What the recursive algorithm basically does is:

• At each step, it considers the largest denomination d (last element in the sorted denomination vector denom like denom[denom.size() - 1]) which is then removed from the vector using pop_back method of vector.
• Using d we find count_d, which is the number of coins of denomination d, used in the solution.
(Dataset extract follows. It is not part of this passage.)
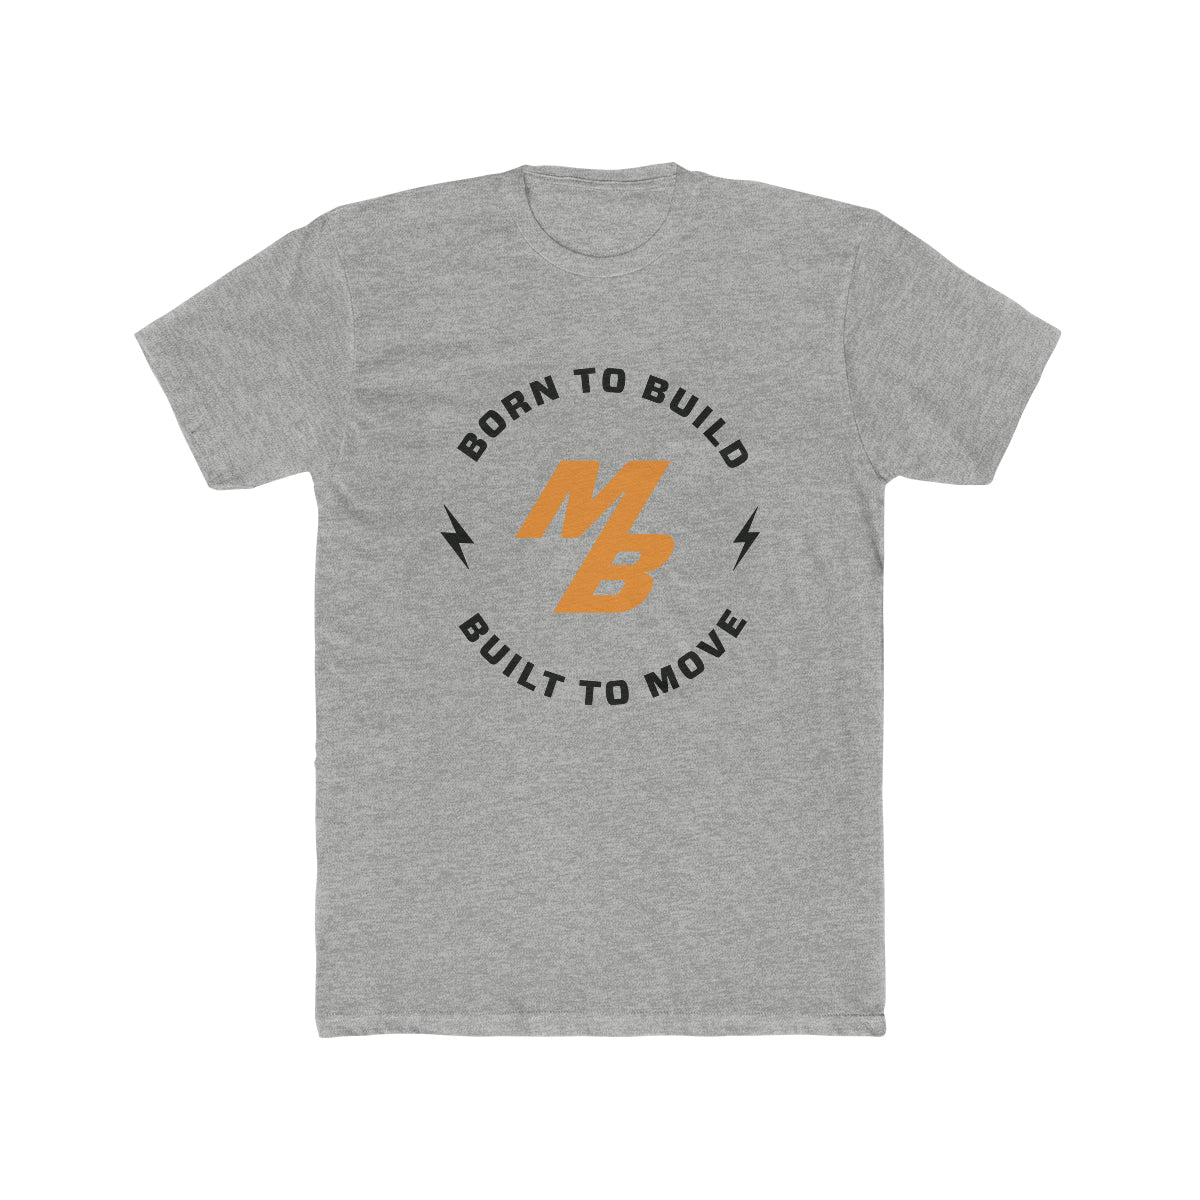 Born to Build Move Bumpers T-shirt- Heather Gray

We get this by simply applying a div operation like N/d, which gives the Quotient.
• Then d is added to the vector solution, count_d number of times.
• The recursive call, adds count_d from this iteration and recalls coin with the reduced denominations vector denom and Remainder of the amount N using N%d.
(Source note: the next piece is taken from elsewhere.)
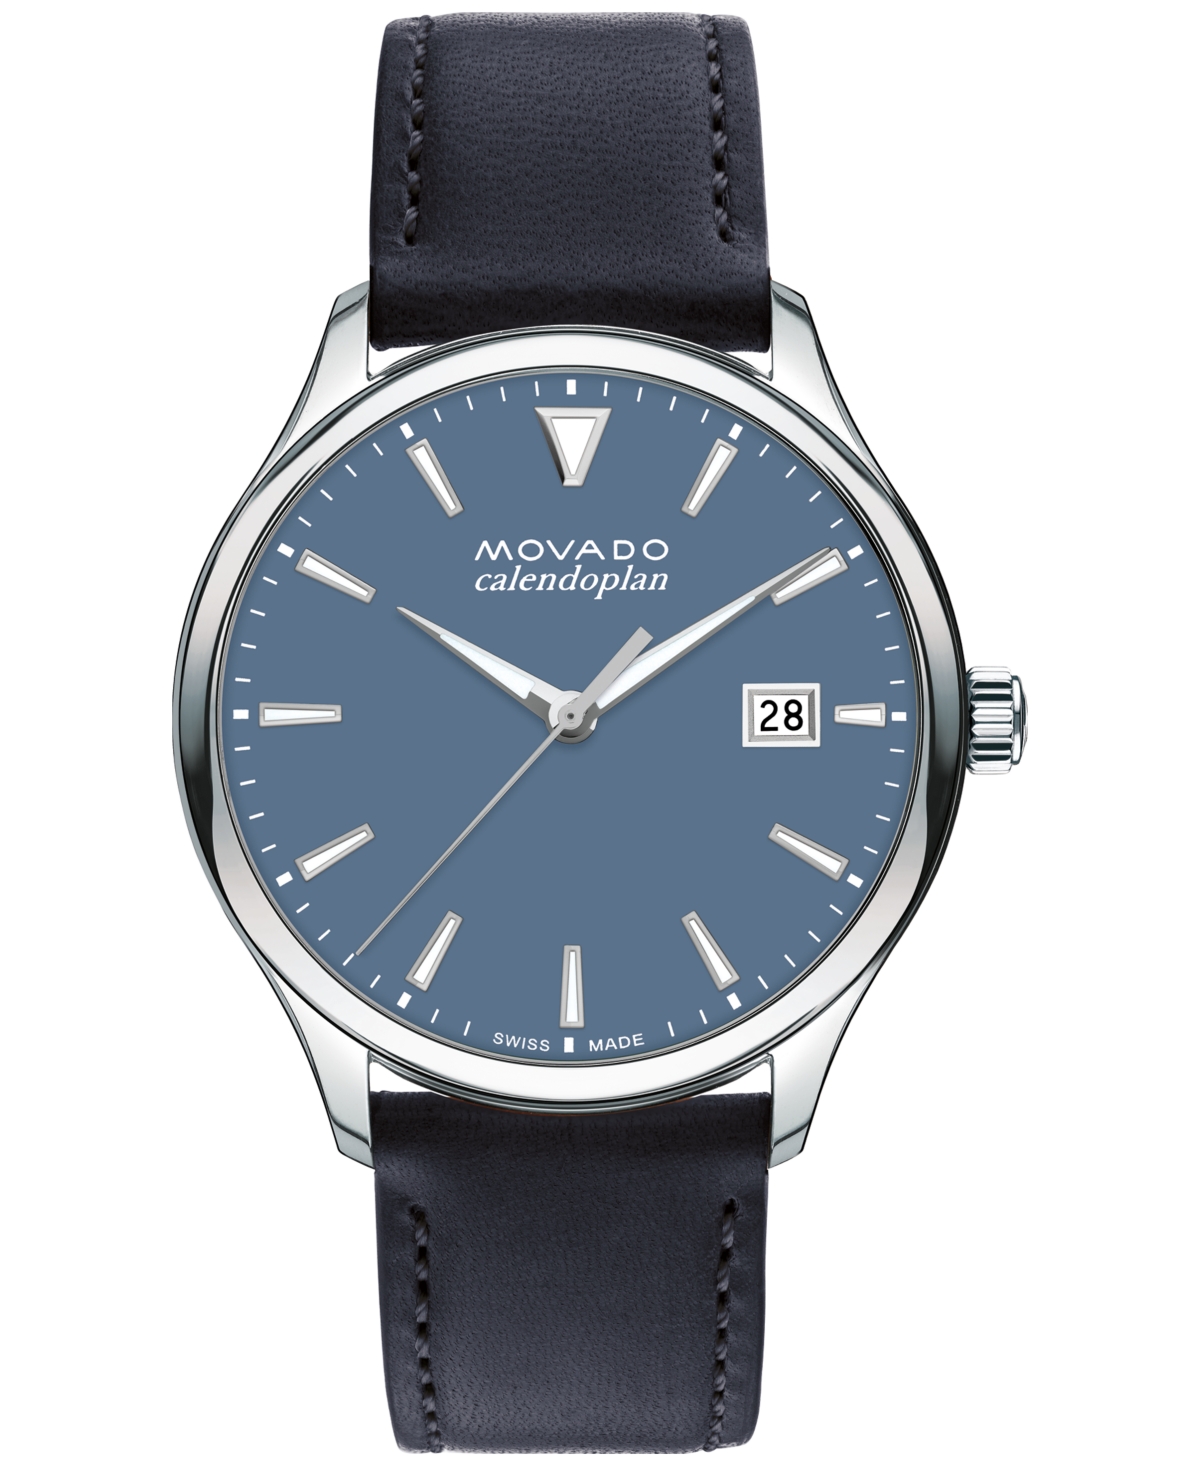 Movado Men's Calendoplan Stainless Steel & Leather Strap Watch/40mm In Blue

See Quotient and Remainder for clarity of what div / and mod % operators do.

Here is the code:

#include <iostream>
#include <vector>
#include <algorithm>
using namespace std;

vector<int> solution;

int coin(vector<int> denom, int N)
{
    if(N <= 0 || denom.size() <= 0)
    {
        return 0;
    }

    int d = denom[denom.size() - 1];
    denom.pop_back();

    int count_d = N/d;

    solution.insert(solution.end(), count_d, d);

    return count_d + coin(denom, N%d);
}

int main()
{
    int N,s;
    cout<<"Input a value N:\nInput: ";
    cin>>N;
    cout<<"Input how many denominations:\nInput: ";
    cin>>s;
    vector<int> denom;

    for(int i = 0; i < s; i++)
    {
        int d;
        cout<<"Denominations #"<<i+1<<":\nInput: ";
        cin>>d;
        denom.push_back(d);
    }

    std::sort(denom.begin(), denom.end());

    int minNoOfCoins = coin(denom, N);

    cout<<"\nOutput:\nMinimum # of coins: "<<minNoOfCoins;

    if(minNoOfCoins > 0)
    {
        cout<<"\nCoins used: ";

        for(int i = 0; i < solution.size(); i++)
        {
            if(i > 0)
            {
                cout<<" + ";
            }
            cout<<solution[i];
        }
    }

    cout<<endl;

    system("pause");
}